My family and I were driving to the beach not long ago. My husband, my mother and our three children loaded up the mini-van and decided to spend the day playing in the sand and splashing in the waves. Day trips have become fairly common these days during this Coronavirus quarantine. There I was, sitting in the very back seat of the mini-van next to my 7-year old son. I watched him as he stared out the window and made comments about the cars driving by.

Out of nowhere, he turned to me and said, “Mommy, I think God gave us the Coronavirus so that we could spend more time together as a family.” I froze. It was one of those moments where, as a parent, time stands still. I didn’t know what to say.

On one hand, I was happy that he was grateful for all of our extra family time. I thought about all of the ways we had practiced gratitude together and this told me that something was sticking with him. On the other hand, I was panicking inside because of how he viewed God. I didn’t want him to view God as one who gives viruses. This is the “Divine Child Abuser God” that I have spent the last ten years ridding my theology of. This “Corona-Virus-Giving-God” is the one who orchestrates suffering “for our good.” This is the God who will “never give us more than we can handle.” This is the God who claims “one more angel for heaven” when a child dies, and all the other clichés that I have grown to hate.

I didn’t want my son to see God this way! I lamented my bad parenting in my own mind. Surely he did not learn this from me or his dad, I panicked.

His innocent comment exposes the human condition, especially our condition in the midst of suffering. We are searching, seeking and grasping for meaning. We want to make sense of our suffering and some of us believe that if God ordained it, then surely it has a divine and redemptive purpose. In other words, one way we make sense of suffering is by believing that God has given it to us in order to teach us something.

You don’t have to look far to find this theology in Christian culture in America. In a new book, Coronavirus and Christ, John Piper writes, “The coronavirus is God’s thunderclap call for all of us to repent and realign our lives with the infinite worth of Christ.” (https://www.thegospelcoalition.org/podcasts/gospelbound/john-piper-coronavirus-and-christ/)

The problem with this view of God (as a God who doles out suffering to teach a lesson about realigning my life with Christ) is that it puts the onus of faith on me. I must realign. I must repent. I must awaken from my slumber, which shouldn’t be too hard to do in response to a thunderclap! I must “learn this lesson” before God takes away my suffering. The problem with all of this is that it doesn’t work in causing humans to “realign” their lives with God. Suffering doesn’t point me to the “infinite worth of Christ.” In fact, most people I know are not interested in a God who has to use a Coronaviruses to get our attention. This God seems weak and petty and really not all that creative. (Really, a virus when God could have used something more flashy?)

Here is an alternative way of thinking about God in the midst of suffering from James Cone,

“I find nothing redemptive about suffering in itself. The gospel of Jesus is not a rational concept to be explained in a theory of salvation, but a story about God’s presence in Jesus’ solidarity with the oppressed, which led to his death on a cross. What is redemptive is the faith that God snatches victory out of defeat, life out of death, and hope out of despair…”(The Cross and the Lynching Tree, James Cone, 150, emphasis mine.)

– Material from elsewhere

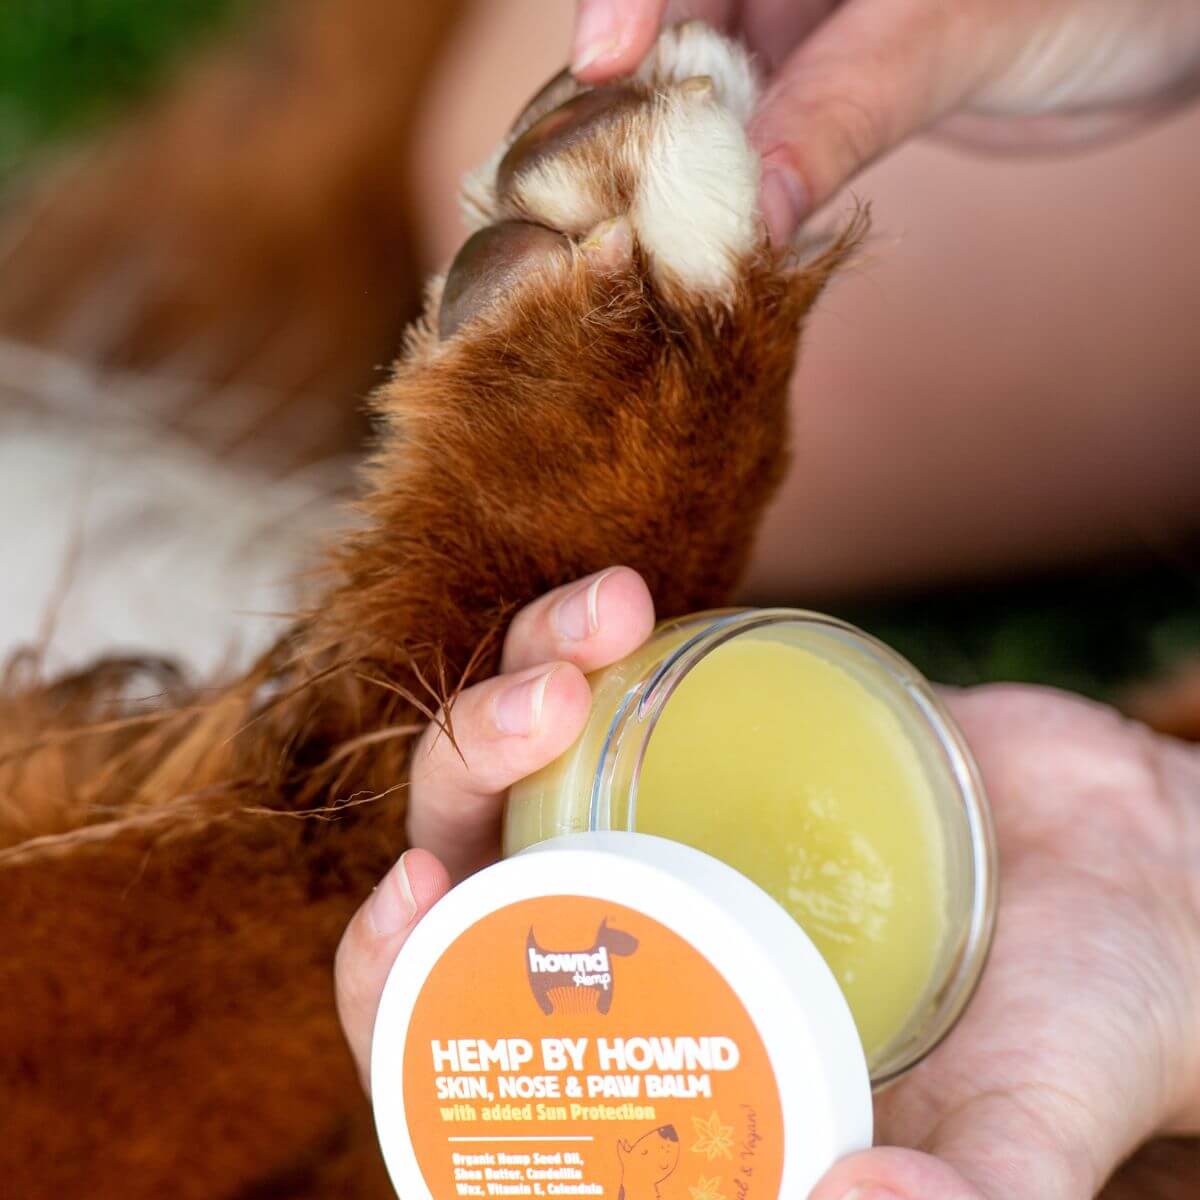 Hemp By Hownd Skin, Nose & Paw Balm With Sun Protection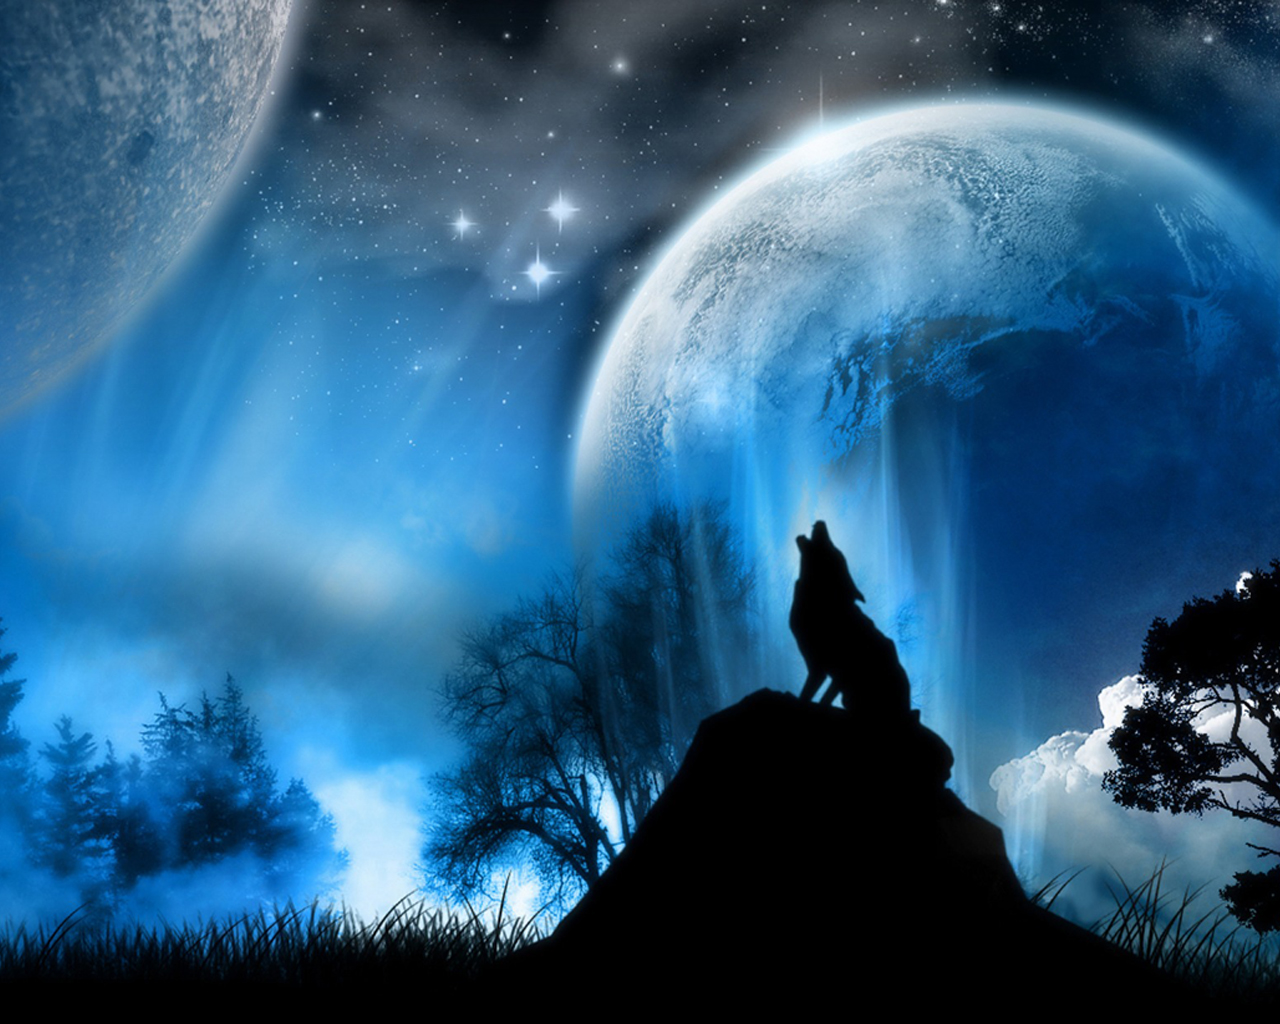  of 3D Wolf Laptop Wallpaper on this Cool Laptop Wallpapers website

Cone, and many other liberation theologians, believe that God is present and in solidarity with humans in the midst of suffering. In other words, we can participate in a supernatural reality of oneness with God in the midst of our own suffering and in this, we find redemption.

The redemption in suffering is not that we will see the suffering as “God giving us a spanking” and thereby run to our disciplinarian parent for comfort. No, the redemption in suffering is that God identifies with the one who suffers, weeps with the one who weeps and eventually conquers suffering in the resurrection.

So, I explained this God to my 7-year old. I said, “Son, God did not give us the Coronavirus. We have the coronavirus because we live in this sad and broken world. And in the midst of this sad world, two things are true today. One, the virus is awful and devastating and scary. And two, we are driving to the beach to enjoy a beautiful day with our family. Both are true.”

The redemption in suffering today is found in our faith that God brings life out of death, victory out of defeat, hope out of despair and family beach days out of a coronavirus quarantine.